IN MARCH 2020, when Covid-19 was ripping through New York and the city locked down, Meriem Bennani felt an impulse to make a video. An animator and artist whose work sits at the intersection of homemade YouTube reality shows, hand-drawn cartoons and documentary film, Bennani was used to staying inside, funneling the world through her computer. But the first week of quarantine made her restless, and she wanted to create something immediate and raw that captured the way she was feeling.

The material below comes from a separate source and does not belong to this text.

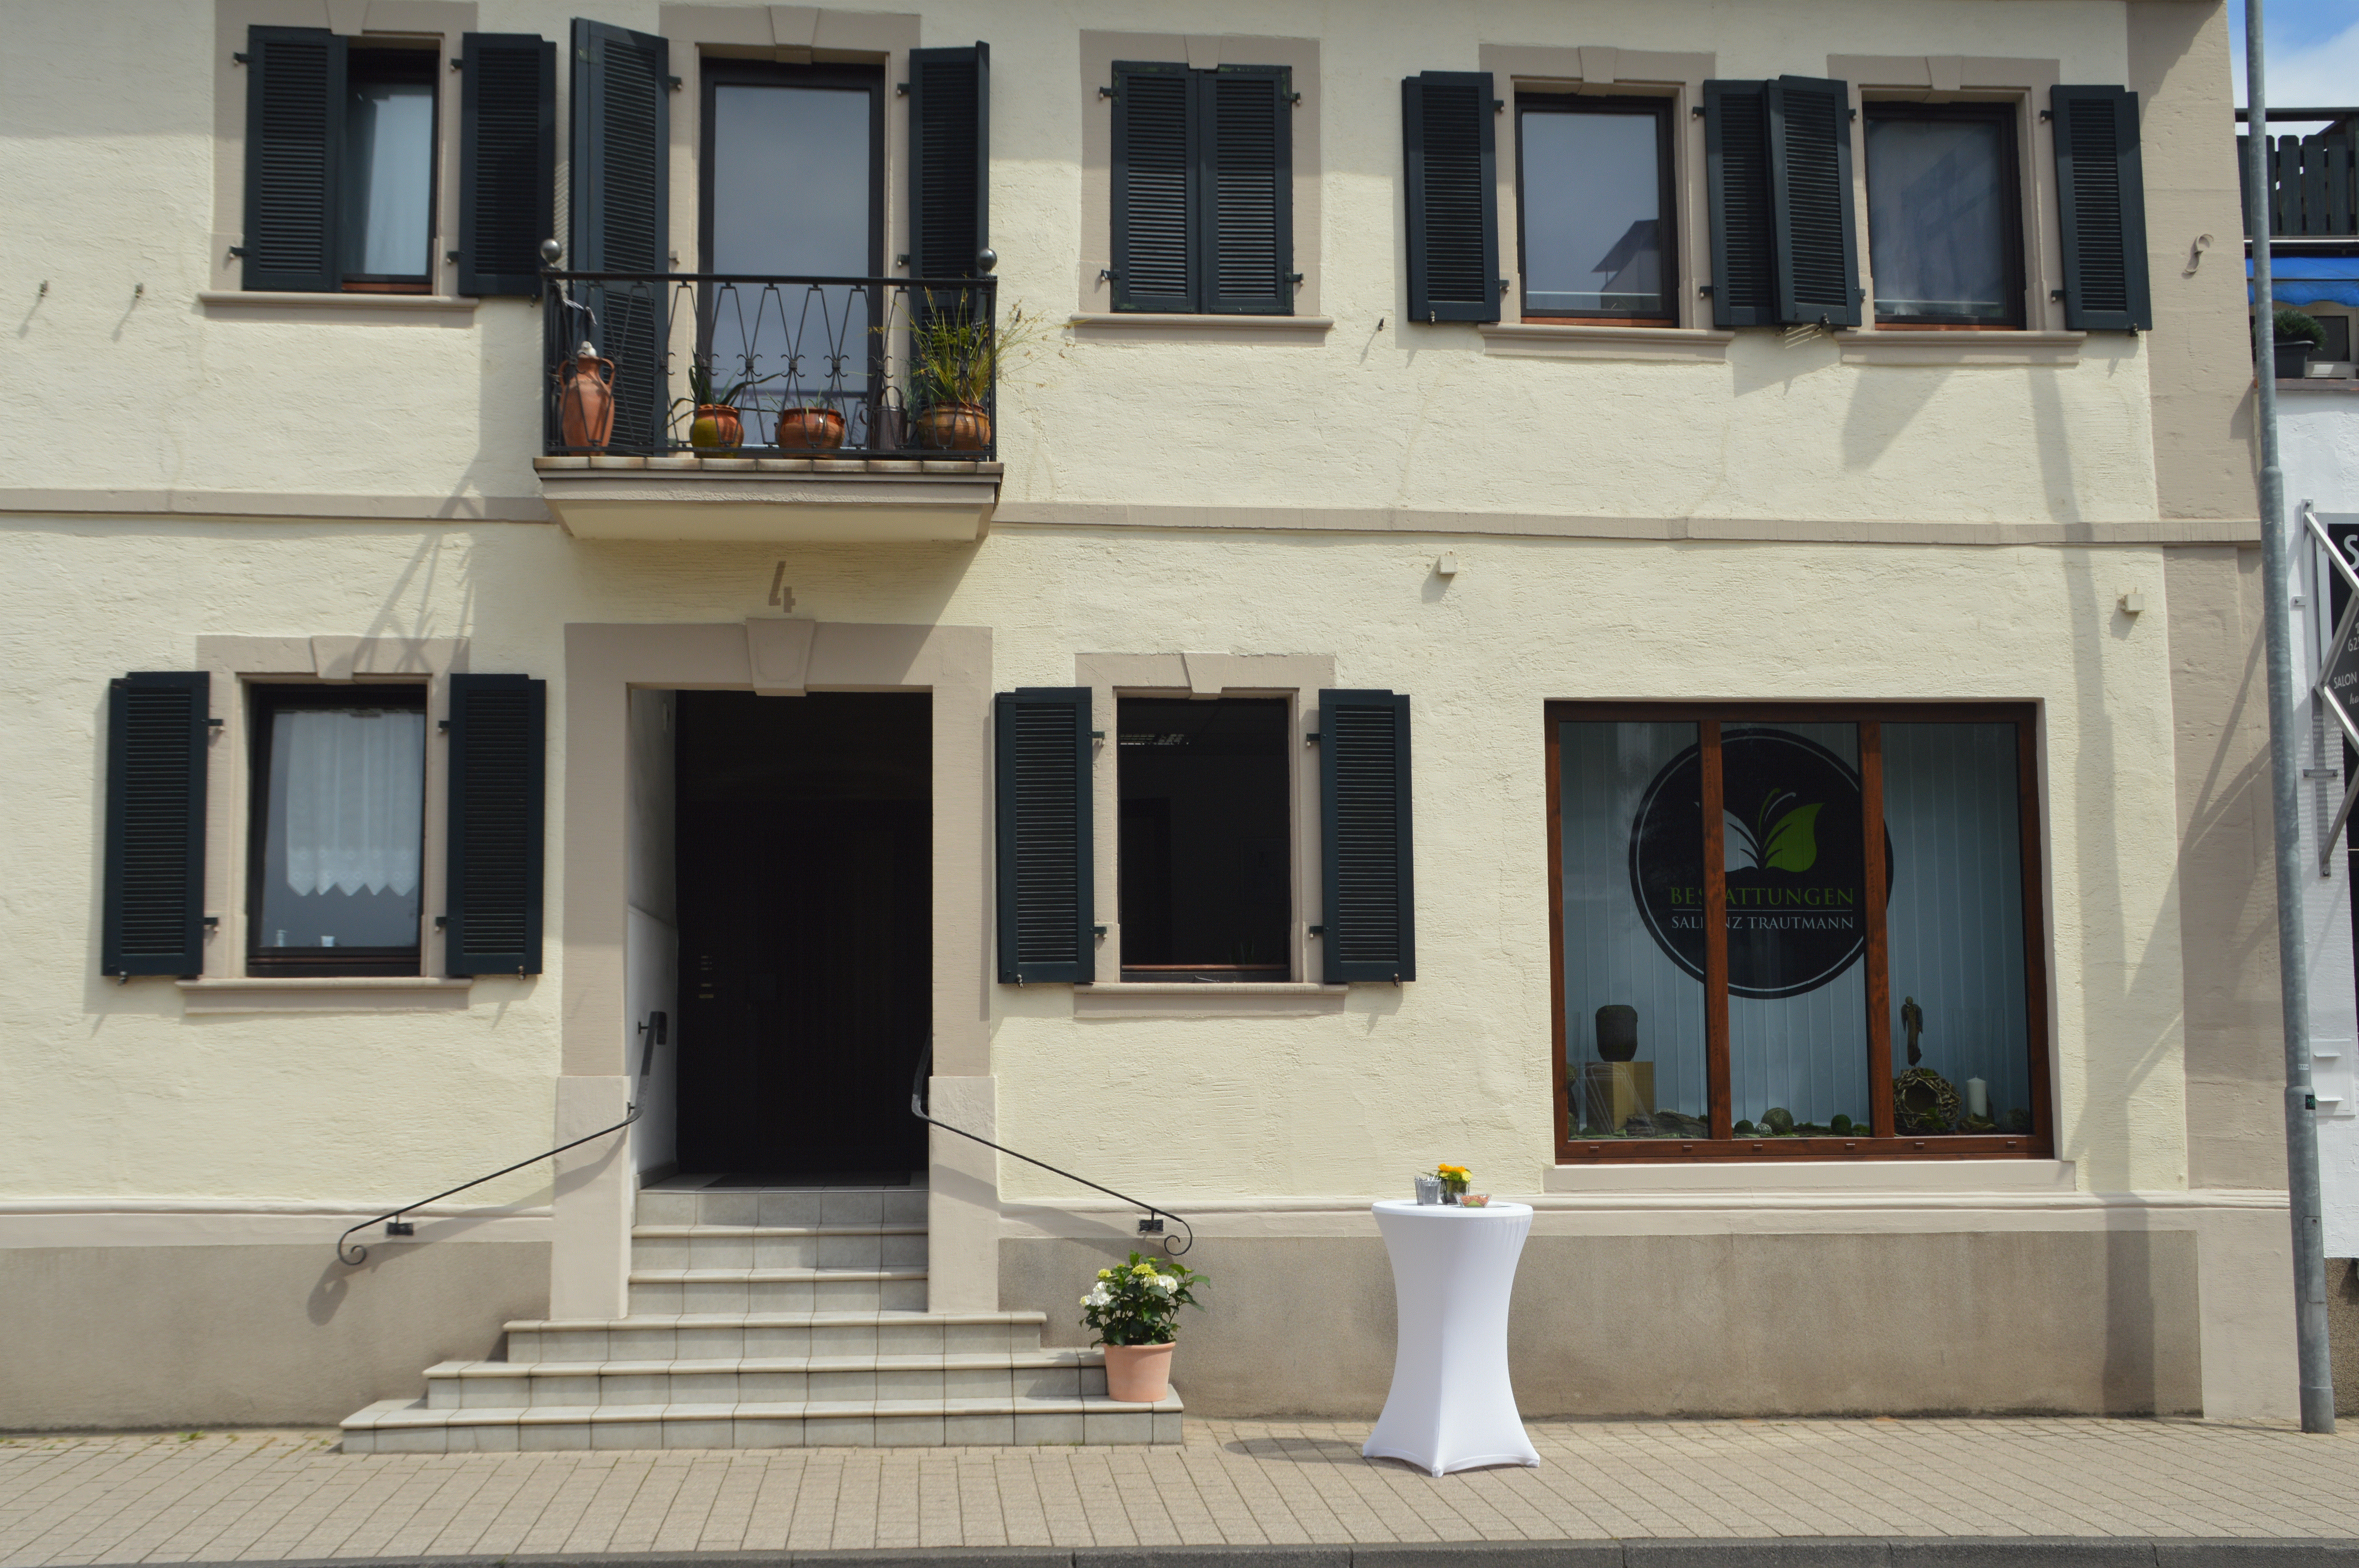 Hier befinden sich unsere Geschäftsräume in der Wilhelmstraße 4 in Sinsheim, direkt neben dem Rathaus

She and the filmmaker Orian Barki, who were spending lockdown together between their Brooklyn apartments, conceived a series of short Instagram videos about the changes they were witnessing. Barki would jot down her observations and feelings each day — how moved she was by the viral videos of Italians playing music on their balconies, or how disturbing it was to see medical gloves splayed on the pavement — and then she and Bennani would use these details to script a short story about what they were experiencing. They roamed their neighborhoods, filming street scenes with their iPhones. Bennani, who often creates animal narrators for her videos, found a file of 3-D animal models she had bought for a different project, and she and Barki chose two lizards with glossy copper-and-green skin and weirdly soulful black eyes for their avatars. Eventually, there would be a supporting cast voiced by various friends: a hummingbird, a cat, a cheetah, a mouse and a raccoon.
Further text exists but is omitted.